Although a box office hit on its release, Point Blank was criticised by many reviewers for what was considered its excessive violence. In particular, squeamish critics objected to the scene where Lee Marvin's vengeance-minded armed robber repeatedly crashes a car thereby reducing the epidermis of his — un-seatbelted — passenger to the texture of pounded steak. Given such criticisms, it is traditional for Hollywood denizens to excuse themselves by arguing that they are far removed from the psychotics that they play. Marvin, however, took a difficult tack.

"Violence is ingrained in every drop of blood I have," the star said. "Because I come from the cavemen, baby, like everybody else. I don't glorify violence. I try to get to the understanding of it. There has always been violence. Who hasn't put kerosene on the cat's ass and put a light to it?"
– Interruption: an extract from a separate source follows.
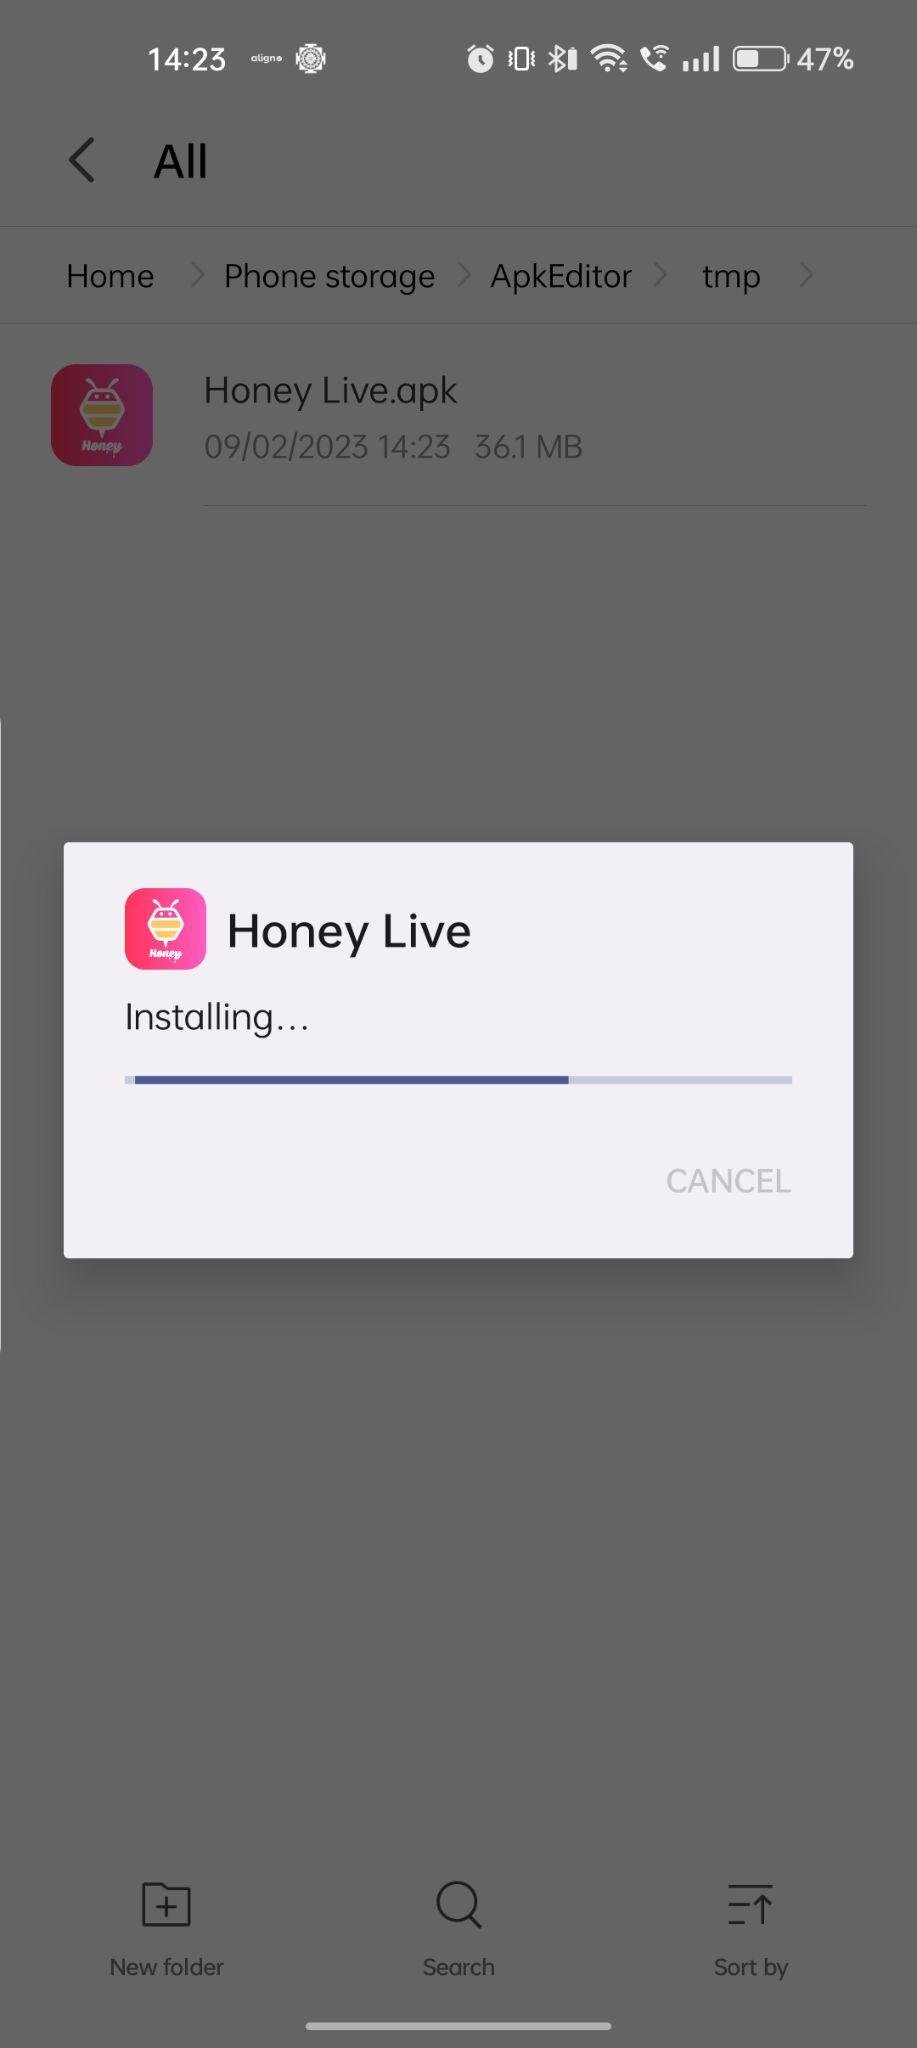 Honeylive apk installing

The answer, of course, is probably far fewer people than the actor imagined. But, then, Lee Marvin was never exactly your run-of-mill type. An ex-Marine, Marvin had spent the latter stages of WWII "island-hopping" across the Pacific, on one occasion shooting at Japanese troops with one hand while vainly trying to plug the bullet-hole in a dying colleague's chest with the other. Moreover, even during his pre-fame days, the actor had gained a reputation as one of Tinseltown's livest of wires, thanks to his penchant for boozing, fighting and saying pretty much whatever came to mind. Most memorably, while making the Dirty Dozen (1967) in London, Marvin told a friend of Sean Connery that he bet she had, "The prettiest pink clittie in the room." This would surely have started the most famous A-list punch-up in history, had not Dozen producer Ken Hyman provoked laughter all round with the plea: "Not his face, Sean. We've got close-ups! Hit him in the body."

In short, it is difficult to think of an actor better suited to portray Point Blank's Walker — a relentless agent of death prepared to take on an entire organised crime syndicate if necessary to get the money he believes he is owed. Walker was originally the creation of novelist Donald E. Westlake — although he is called Parker in the books — and is arguably the most hard-boiled recurring character to be found in American noir fiction. A thief who depends equally on brains and brawn, he is also happy to murder anyone who gets in his way. Neither witty nor romantic, it is his sheer will power that makes him such a fascinating and popular character. "Parker" has appeared in no less than seven big screen adaptations including The Outfit (1974) and Mel Gibson's recent Point Blank retread Payback. But it is in Boorman's movie that he is most faithfully represented thanks to Marvin's awesomely hard-nosed performance.

As it happened, the actor would prove his worth to Boorman both on and off screen. Although the director had made a name for himself with the Dave Clark Five-starring Hard Day's Night knock-off Catch Us If You Can, he was an unknown quantity who would be replaced at the first sign of trouble. Just such a sign looked like being sent when Boorman ran into difficulties filming the movie's Alcatraz-set prologue, a difficult flashback-within-a-flashback sequence that would establish the movie's at times bewilderingly tricksy but defiantly stylish tone. Seeing that his director was in trouble, Marvin saved the day by pretending to be drunk.

Yet, while Marvin was without peer when it came to acting pissed, he also had few competitors when it came to the real thing, as biographer Donald Zee recalls: "The story goes that it was Boorman, or more specifically his car, which figured in a fascinating interlude one night in Beverly Hills. It seems the actor and director had been celebrating with real Anglo-American gusto. When the carousels ended, Lee crawled onto the roof of the director's stationwagon and refused to come down. Boorman, feeling that the cool night air might induce a change of attitude, began slowly driving down the street. A police car pulled alongside. "Do you realise you have Lee Marvin on the roof of you car?" the officer asked. "Of course I do," the director frowned. "That's all right then," the officer replied. "But drive carefully."

Showing that "the little man" CAN make a difference. Marvin is exceptional.